> [Exercise brief]:
Every line from the one bearing "crew neck.Excellent Pre-Owned Condition." through the last line of the entries should be printed exactly, with no other output.

START Dataset records

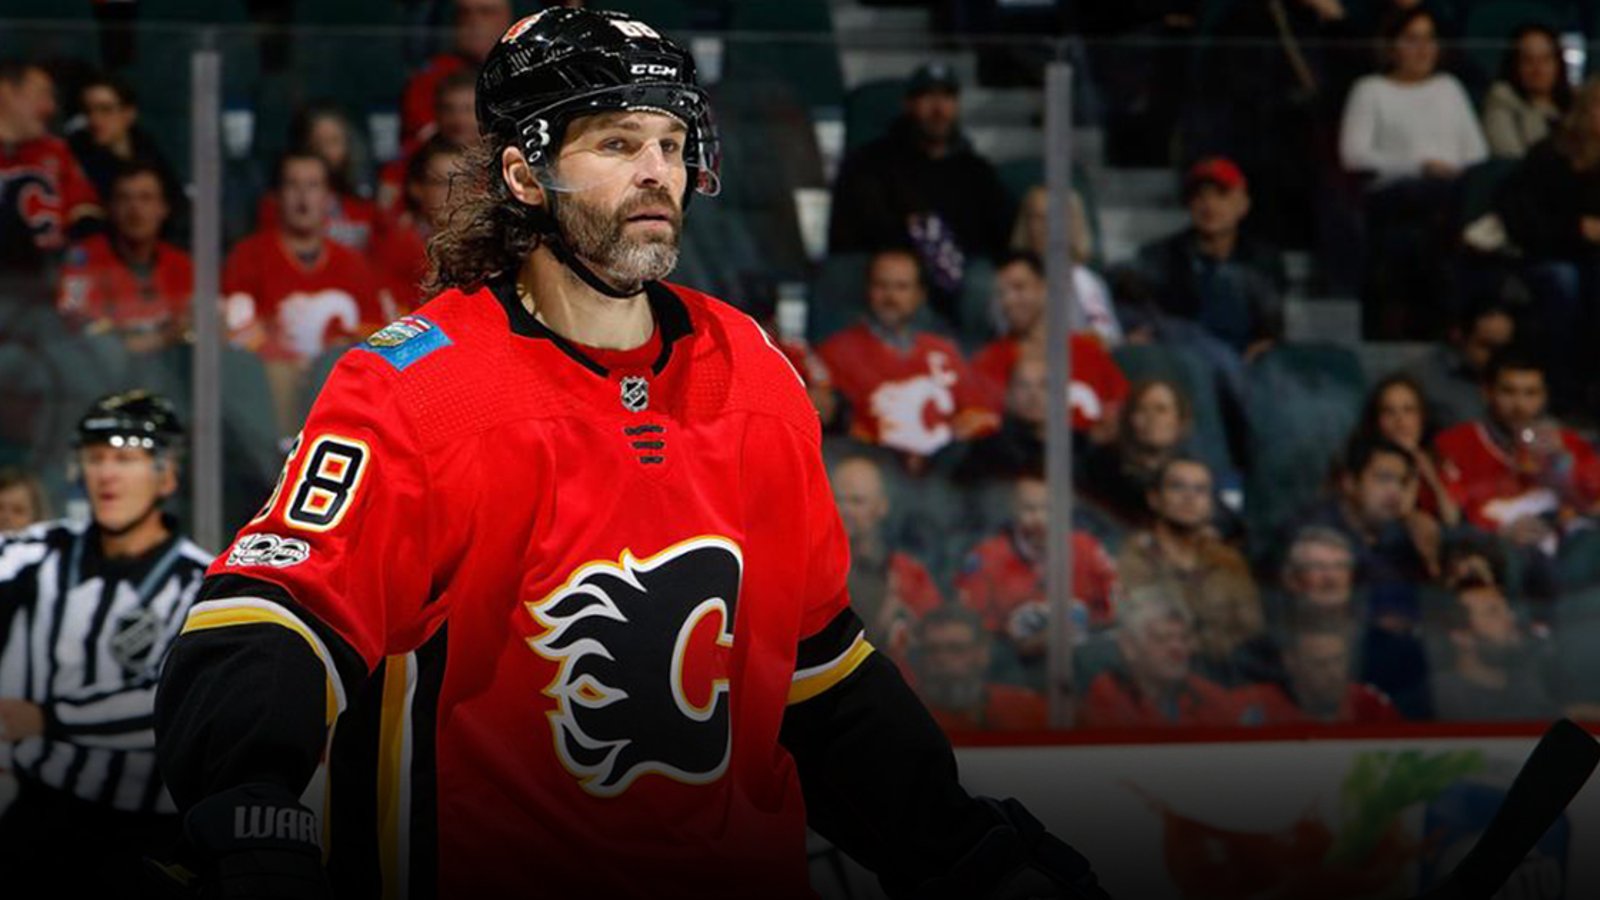 Jaromir Jagr has no regrets about his past and no plans for his future
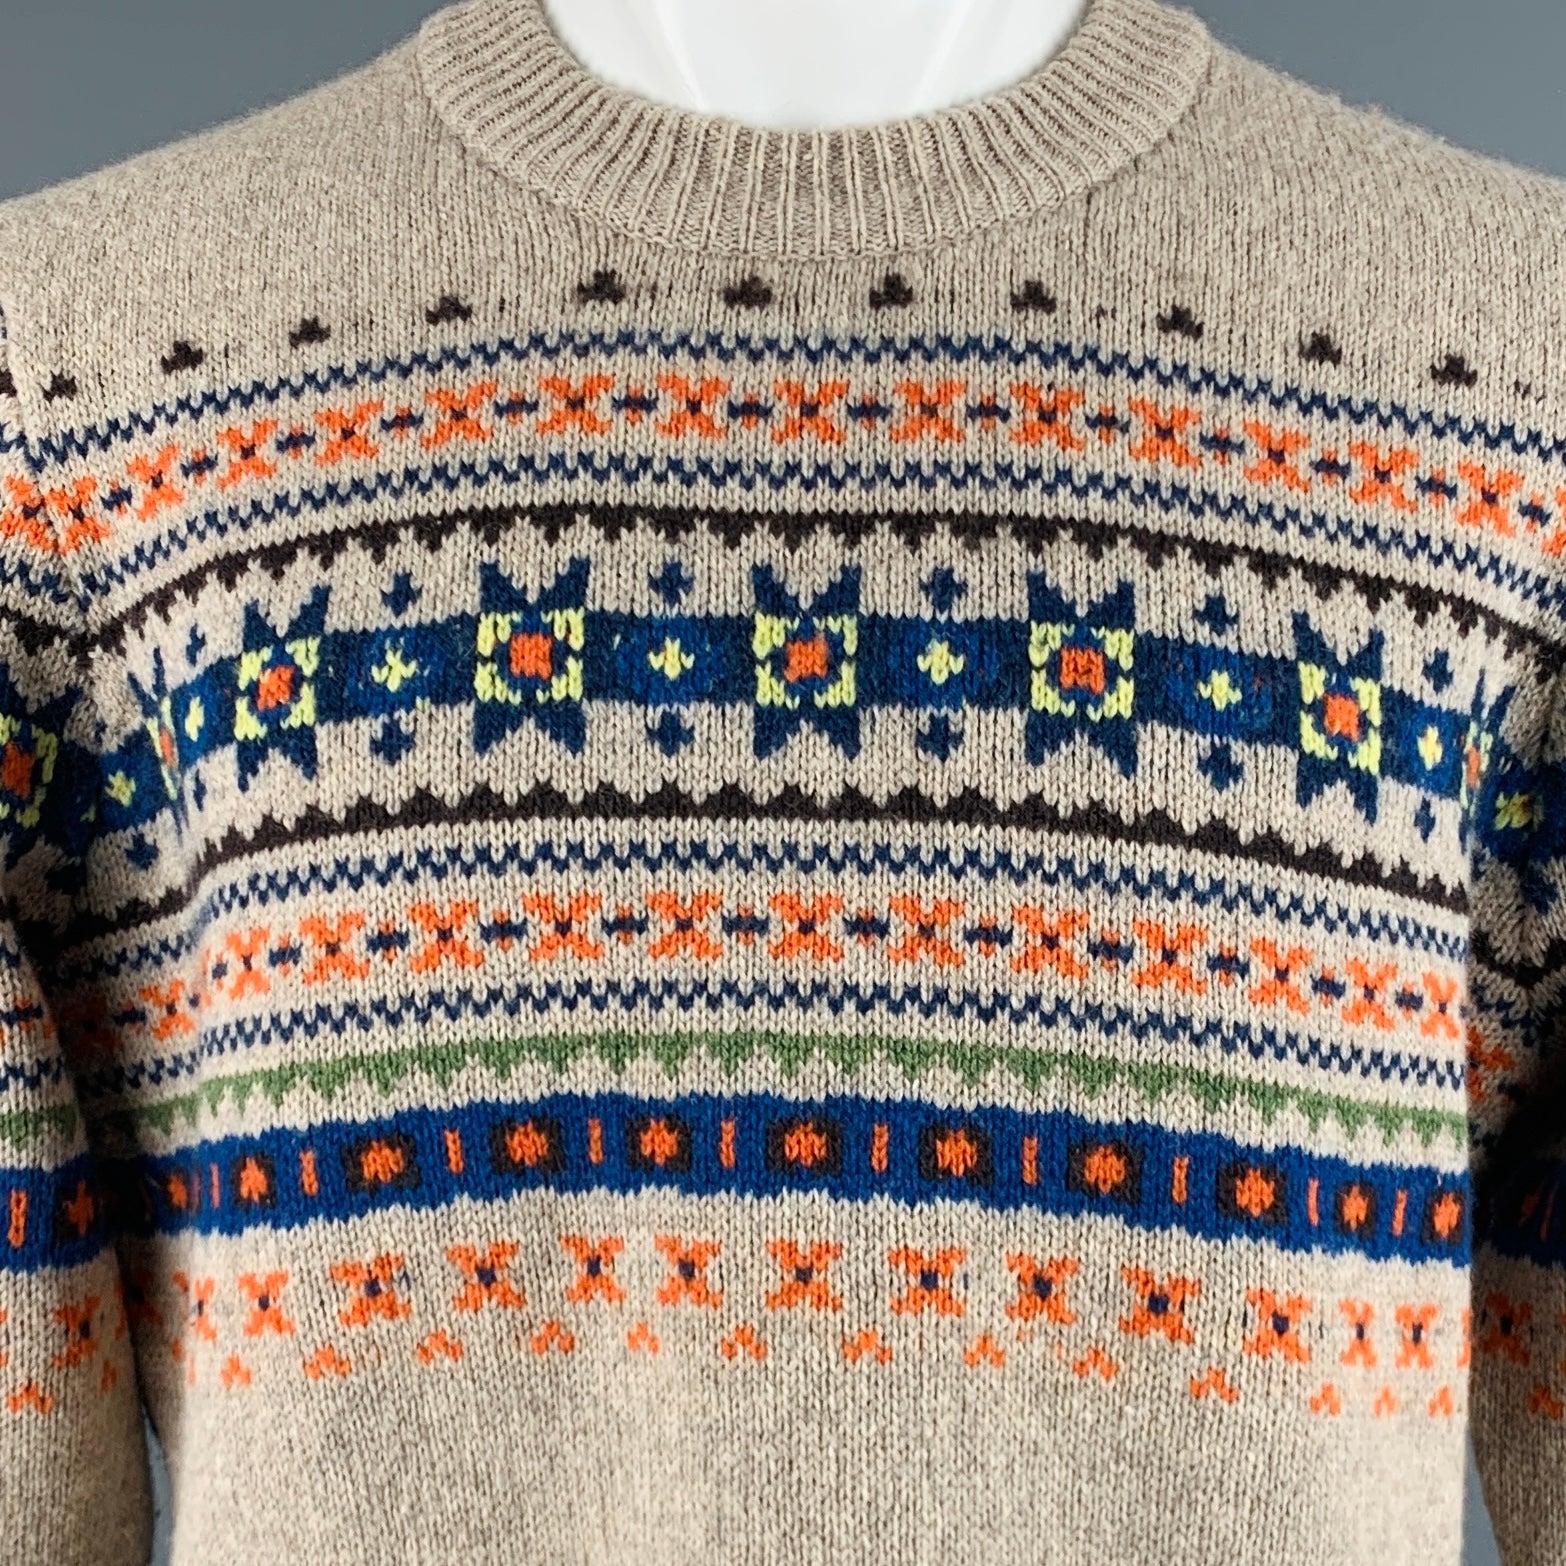 JOSEPH sweater
in a
grey wool knit featuring blue and orange Fair Isle pattern, blue contrast back, and
 crew neck.Excellent Pre-Owned Condition. 

Marked:   M 

Measurements: 
 
Shoulder: 18.5 inches Chest: 45 inches Sleeve: 27 inches Length: 27.5

END Dataset records

> [Solution]:
 crew neck.Excellent Pre-Owned Condition. 

Marked:   M 

Measurements: 
 
Shoulder: 18.5 inches Chest: 45 inches Sleeve: 27 inches Length: 27.5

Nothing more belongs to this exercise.